Trypanosoma cruzi acidic ribosomal P protein gene family. Novel P proteins encoding unusual cross-reactive epitopes.

We have cloned and characterized cDNA molecules that encode members of the acidic ribosomal protein family (TcP proteins) from the protozoan parasite Trypanosoma cruzi. These proteins have been shown to be antigenic in individuals with T. cruzi infection. Unlike other known eukaryotic cells, T. cruzi possesses at least four types of P protein genes TcP0, TcP1, TcP2a, and TcP2b, each of which is present in multiple copies in the genome. These genes are present on at least three different chromosomes.
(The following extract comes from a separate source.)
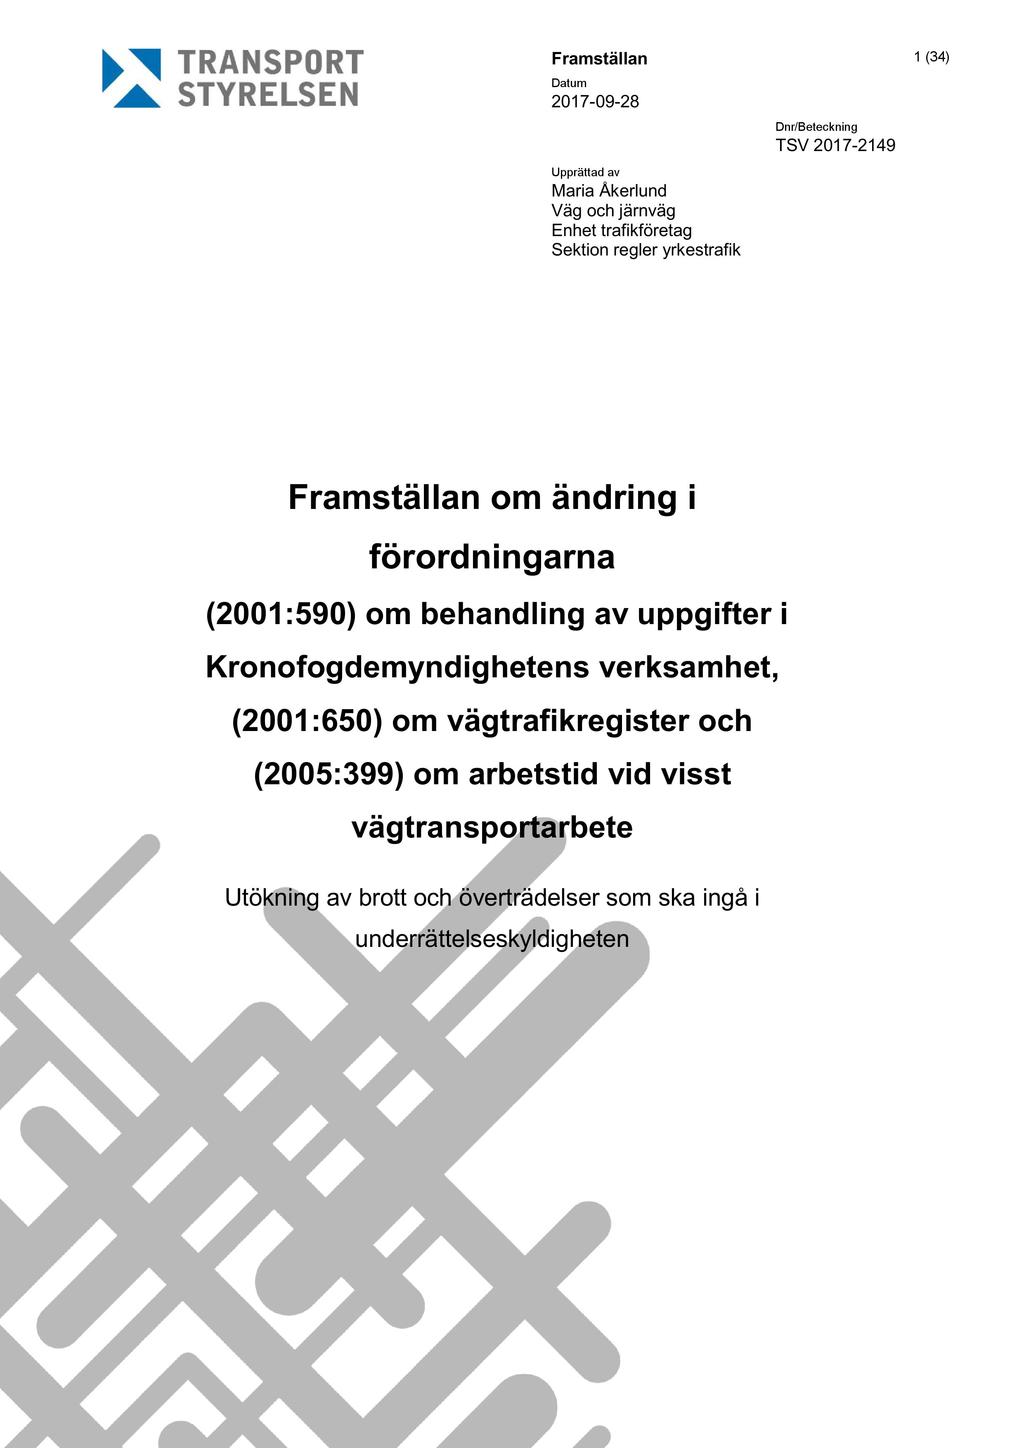 Framställan 1 ( 34 ) 2017-09 - 2 8 Upprättad av Maria Åkerlund Väg och järnväg Enhet trafikföretag Sektion regler yrkestrafik Dnr/Beteckning TSV 2017-2149 Framställan om ändring i förordning arna

Although the abundance of TcP0, TcP2a, and TcP2b transcripts do not appear to vary among the parasite life-cycle stages, TcP1 is predominantly expressed in the epimastigote (insect) stage. TcP0 has a C-terminal heptapeptide sequence that is similar to those of archaebacterial acidic (P-like) proteins, but the TcP1/P2 proteins terminate with a shared sequence characteristic of the P proteins of higher eukaryotes. The serine residues or other potential phosphorylation sites typically found within the highly charged C-terminal acidic domain are absent in T. cruzi P proteins. Using synthetic peptides, we demonstrated that approximately 80% of T. cruzi-infected individuals produce two distinct but cross-reactive anti-P antibody specificities directed against the C-termini of TcP0 and TcP1/P2. We also expressed the full length (non-fusion) recombinant human P0 and demonstrated that the T. cruzi anti-P antibodies cross-react with the C-terminal residues of human P-proteins. Conversely, human anti-P protein antibodies in sera from patients with SLE cross-react with the C-terminal epitope of T. cruzi TcP1/P2 proteins. The cross-reactivity of anti-TcP antibodies with human P proteins suggests that, through antigenic conservation, TcP proteins may contribute to the development of autoreactive antibodies in Chagas' disease patients.